Massachusetts Estuaries Project

The Massachusetts Estuaries Project was established as a collaboration between the Massachusetts Department of Environmental Protection and UMass Dartmouth in December 2001 with the goal of developing nitrogen TMDLs for 89 embayments in Massachusetts. The effort, which cost several millions of dollars, was originally scheduled to be complete by 2010, but delays in completion of studies and budget shortfalls have slowed progress. Most work is now expected to be complete by 2013. Additional information on the MEP effort can be found on the MEP Oceanscience.net site, UMass Dartmouth SMAST site, and this DEP MEP case studies page.

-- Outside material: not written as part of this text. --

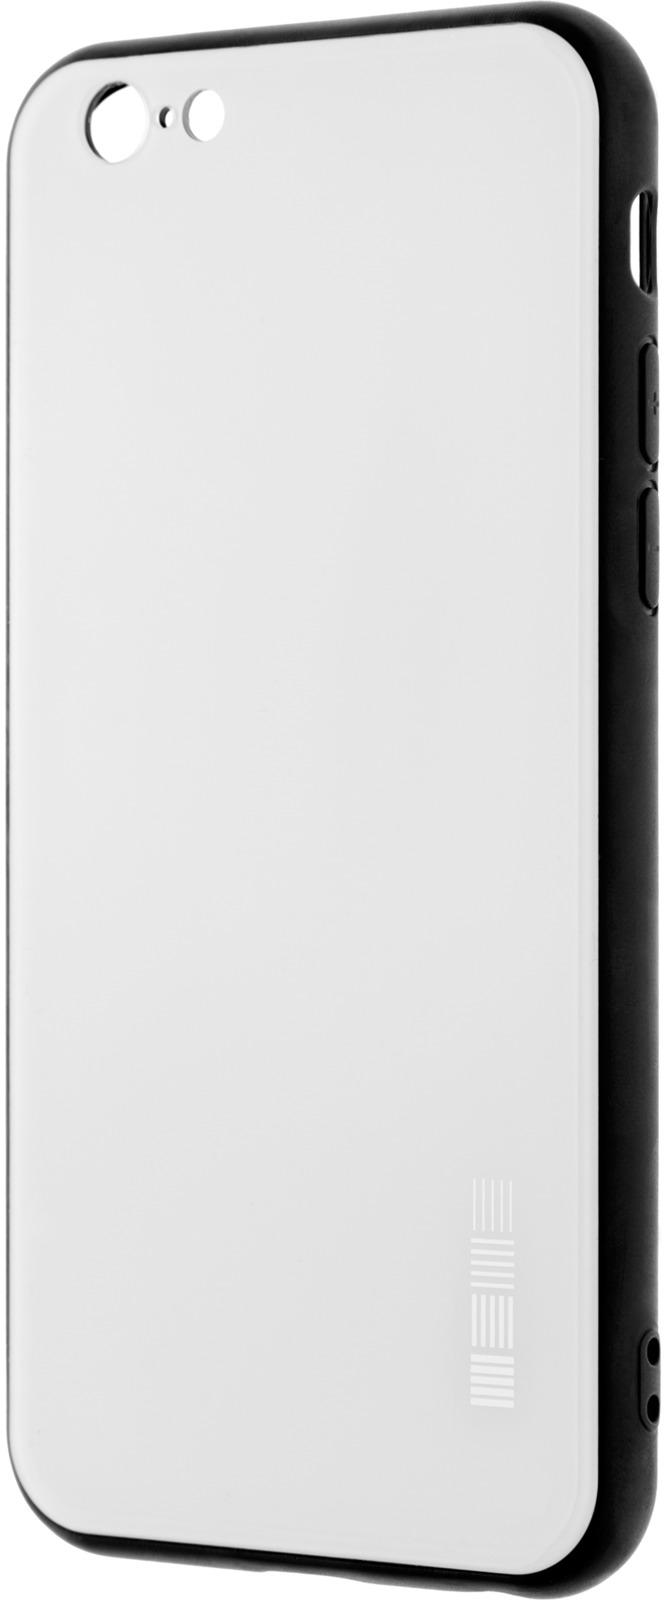 Чехол-накладка Interstep Is Glass для Apple iPhone 6/6S, White чехол накладка interstep is glass для apple iphone x red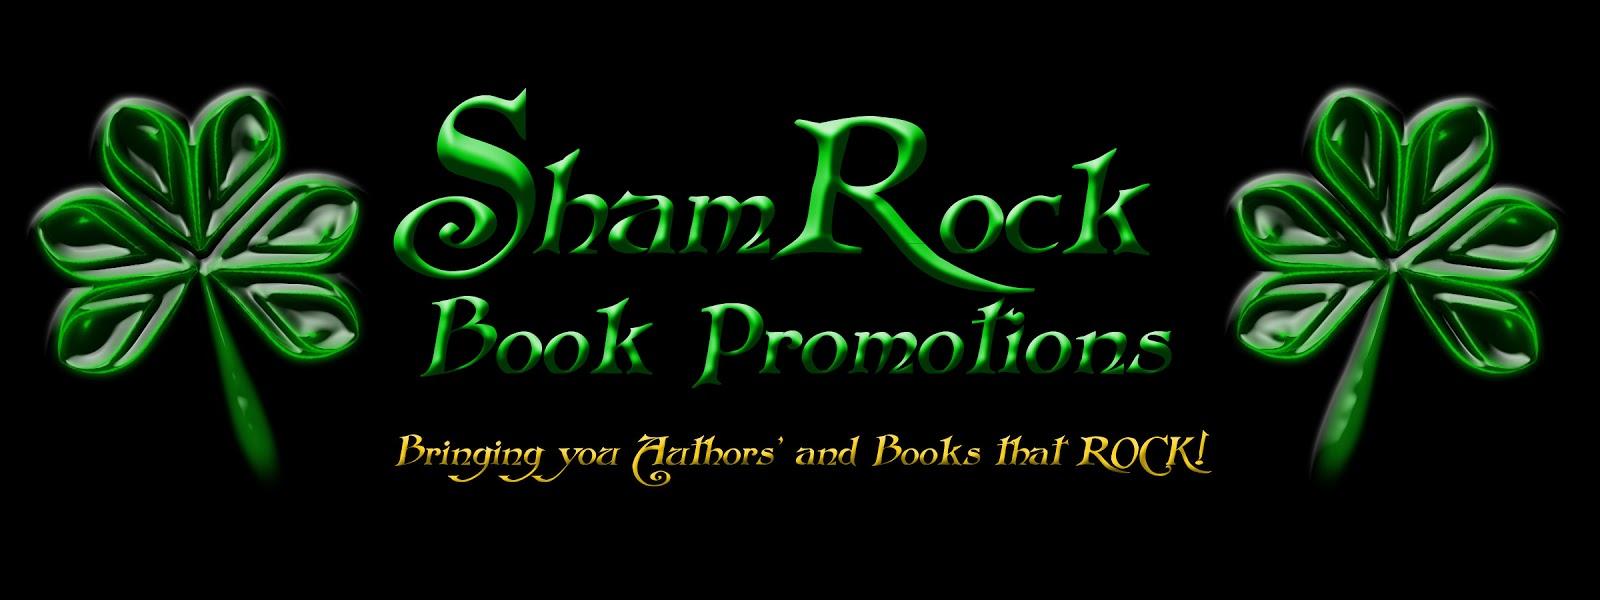 http://shamrockauthorpr.wix.com/shamrockbookpromo

The MEP represents fulfillment of one of the goals of the original Buzzards Bay CCMP to identify embayment specific nitrogen loading limits based on sound science. The 1991 CCMP recommended embayment specific modeling and use of parcel level data (and the BBNEP used a parcel level nitrogen loading analysis for the 1991 Buttermilk Bay overlay district), however GIS parcel coverages were not readily available for most towns in the early 1990s, embayment specific modeling was quite challenging, and site specific water quality data to evaluate water quality modeling was completely lacking. Consequently, the BBNEP adopted a simple tiered system of recommended loadings based on the empirical response between nitrogen loading and various ecosystem measures like eelgrass cover. Our approach was used for setting watershed loading targets in several estuaries during the 1990s, including the upgrade of the Wareham wastewater treatment facility.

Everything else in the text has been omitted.